Because time is of the essence in much of their work, I organized the information needed on each screen around task flows. I also mapped where the data entered could pre-populate other screens in other topic areas, which helped with the new Postgres database design. I conducted card sorts and tree tests with our SMEs to aid in designing the information architecture and navigation. The team and I conducted co-design sprints with large groups of other social workers from various counties to dial in the most efficient screen layouts. Each flow was designed as a single-page application with a sticky navigation panel and tab-through navigation, allowing users to quickly tab through the fields. For my work on the child profile, I began by aligning it with the legacy system and reorganizing the fields into flows that matched their usage in tasks, adding new fields as needed, then I built interactive prototypes in Axure for testing.
I designed a geolocation feature where the case worker could pin the location of the key points in a child's life to aid in placement - home, school, relatives, any extra-curricular activities, along with photos of key people. Photos were possible because many clients have been known to the system for a while, and social workers need to know who they are dealing with when on-site, especially in a heated emergency situation or when it's known that there are weapons in the home. The geolocation feature was important in placing children quickly, so they can see who's nearby, close to school and friends, along with notes. The photos had color-coded borders to indicate a positive or negative relationship to the child; you don't want to place a child near a negative figure.

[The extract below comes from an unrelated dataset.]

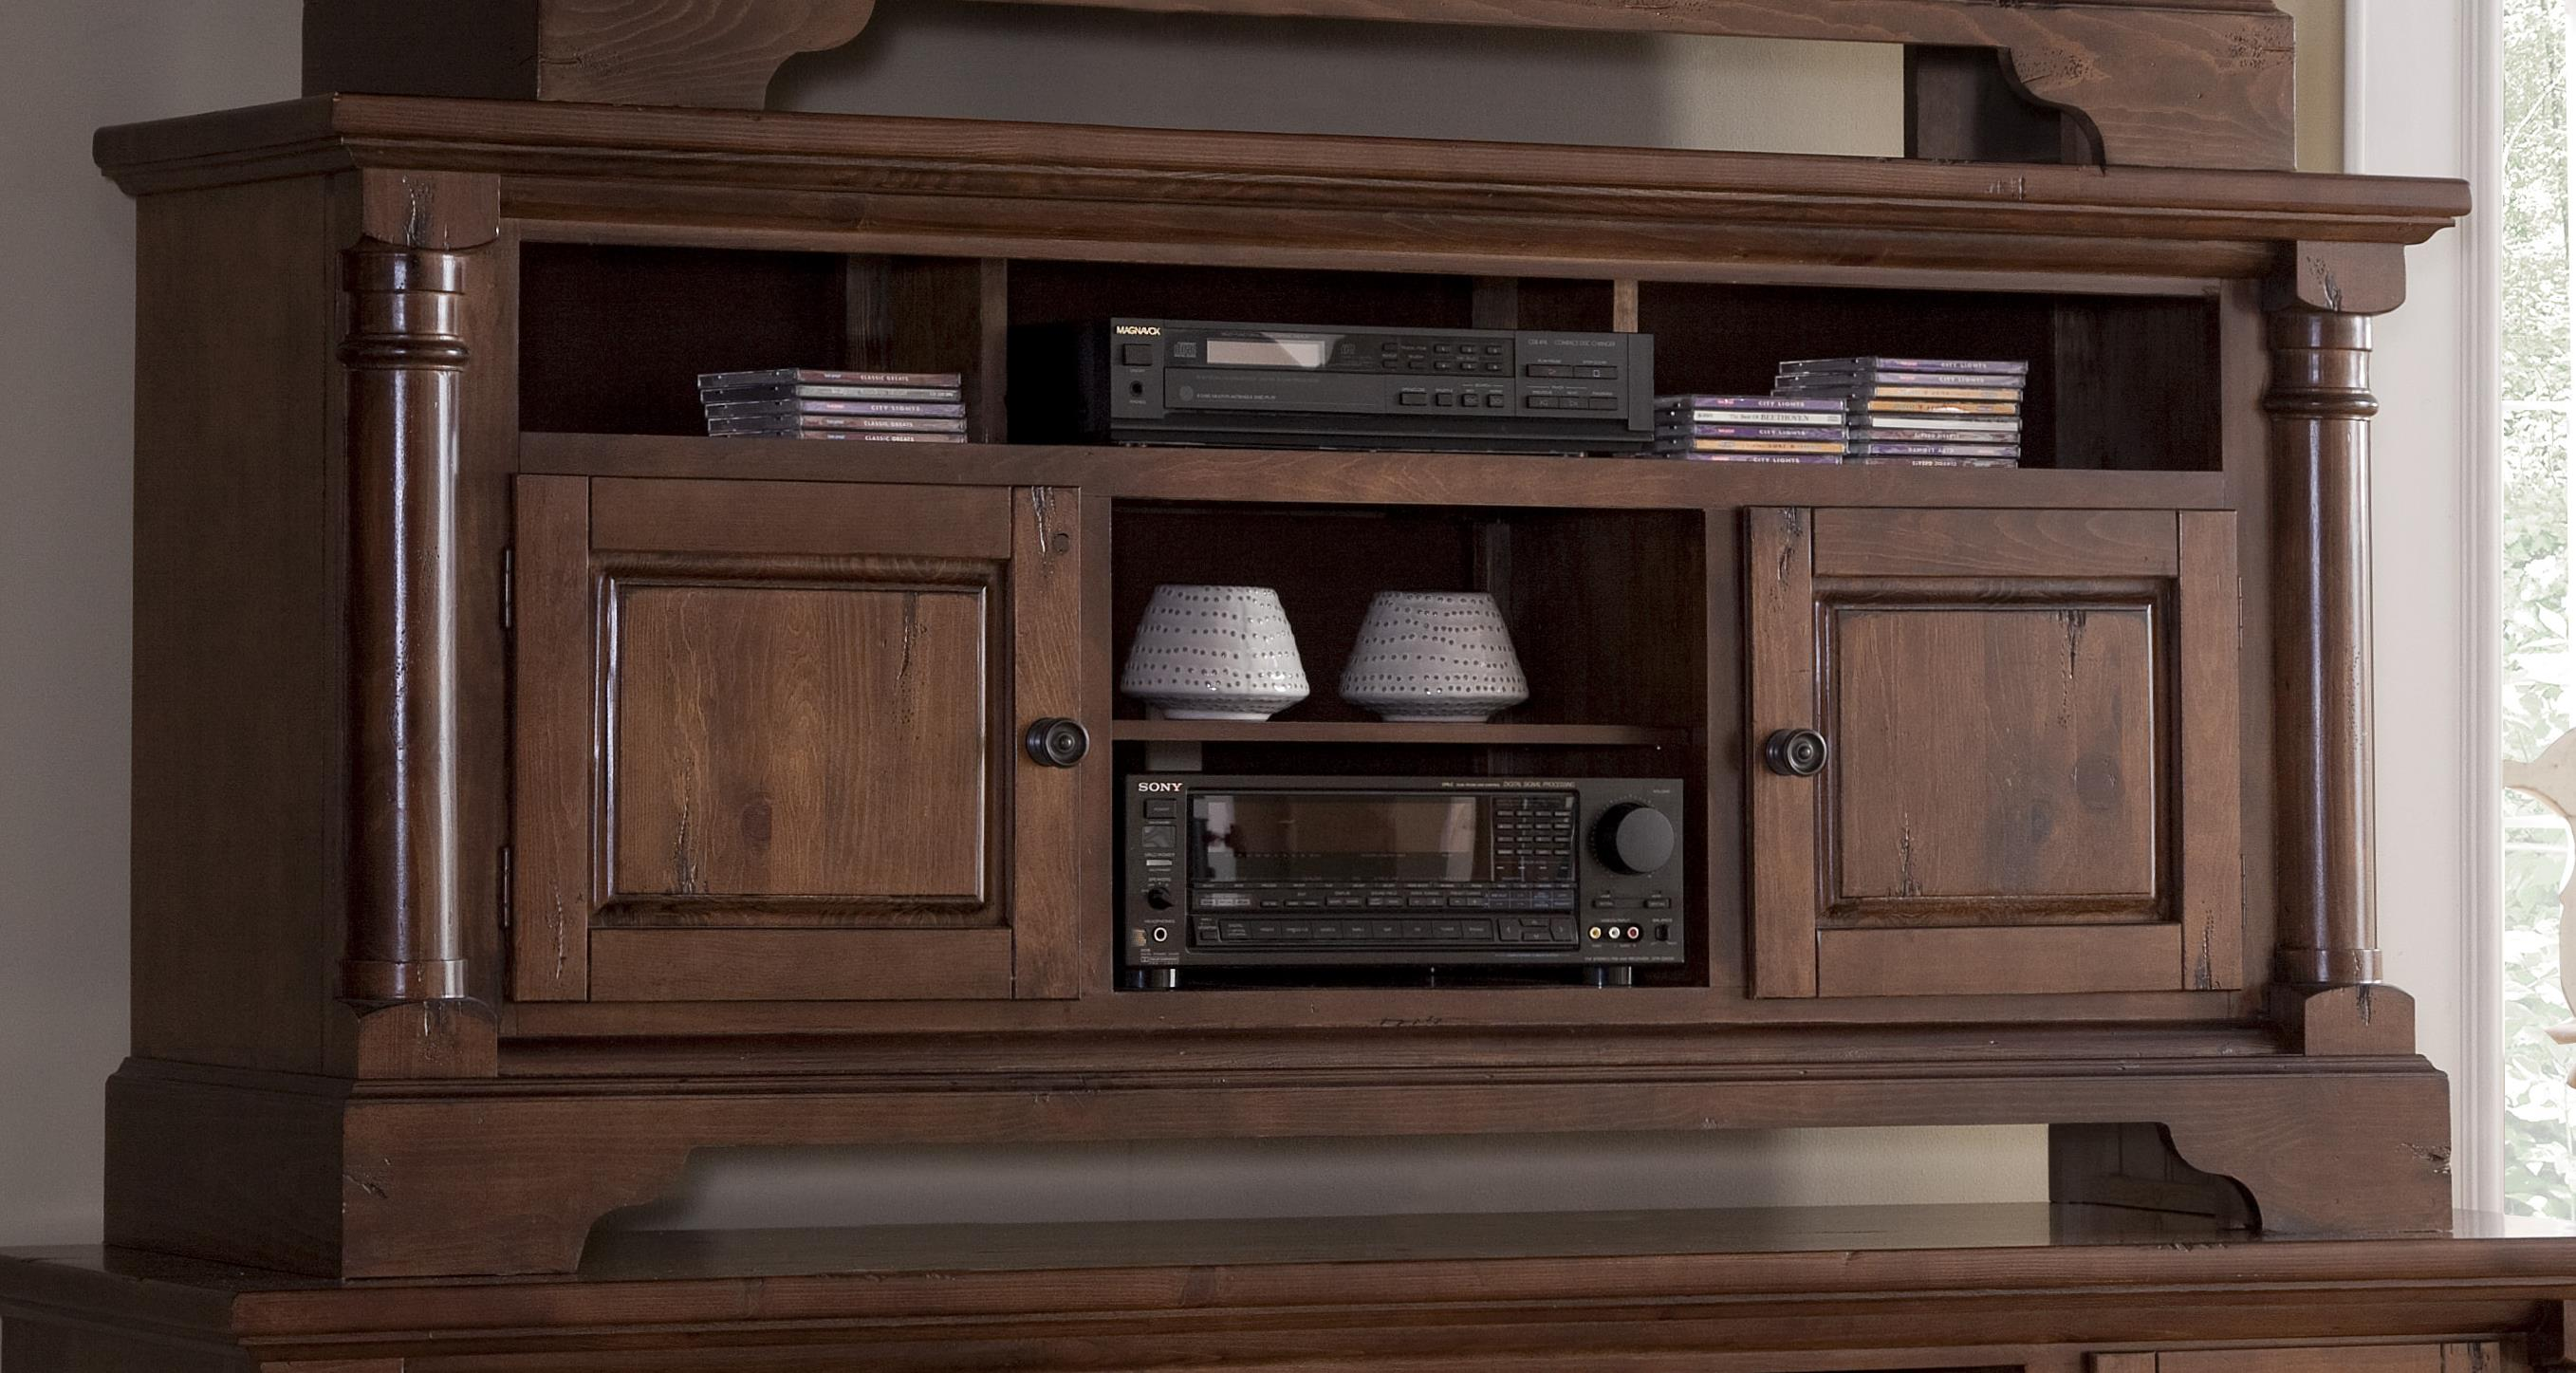 Progressive Furniture Gramercy Park 64 Inch Console - Item Number: P660E-64

There could be multiple people editing the same records at the same time, overwriting each other or being locked out from being able to edit. I researched and presented a concurrent editing strategy to handle this situation.
Value Delivered
The redesign transformed a cumbersome data-entry task into a high-velocity, intuitive workspace. The rollout was met with immediate stakeholder adoption and high user sentiment, delivering several key performance improvements:
- Increased Operational Velocity: Achieved a 30% reduction in form-completion time by optimizing keyboard accessibility (tab-through logic) and reducing interaction cost.
- Enhanced Spatial Awareness: Integrated a geolocation module that provided a critical at-a-glance visualization of a child’s support network and proximity to essential services.
- Intuitive Information Architecture: Re-engineered the navigation to align with the user’s mental model, significantly decreasing the "time-to-find" for mission-critical case data.
- Successful System Migration: Ensured a seamless transition to the modern framework, resulting in high enthusiasm and immediate proficiency across the user base.
Findings from our research influenced state policy. We were encouraged to call out areas where policy needed to be updated, changed or formed anew. I worked with the State Ombudsman and a panel of aged-out foster care system kids on the impact of our findings on both the law and our new system, to make suggestions for changes.
The project has continued to roll out additional modules since my team's 2-year contract was up. The outcome will be a modern, comprehensive application with a native app, built on the Salesforce platform.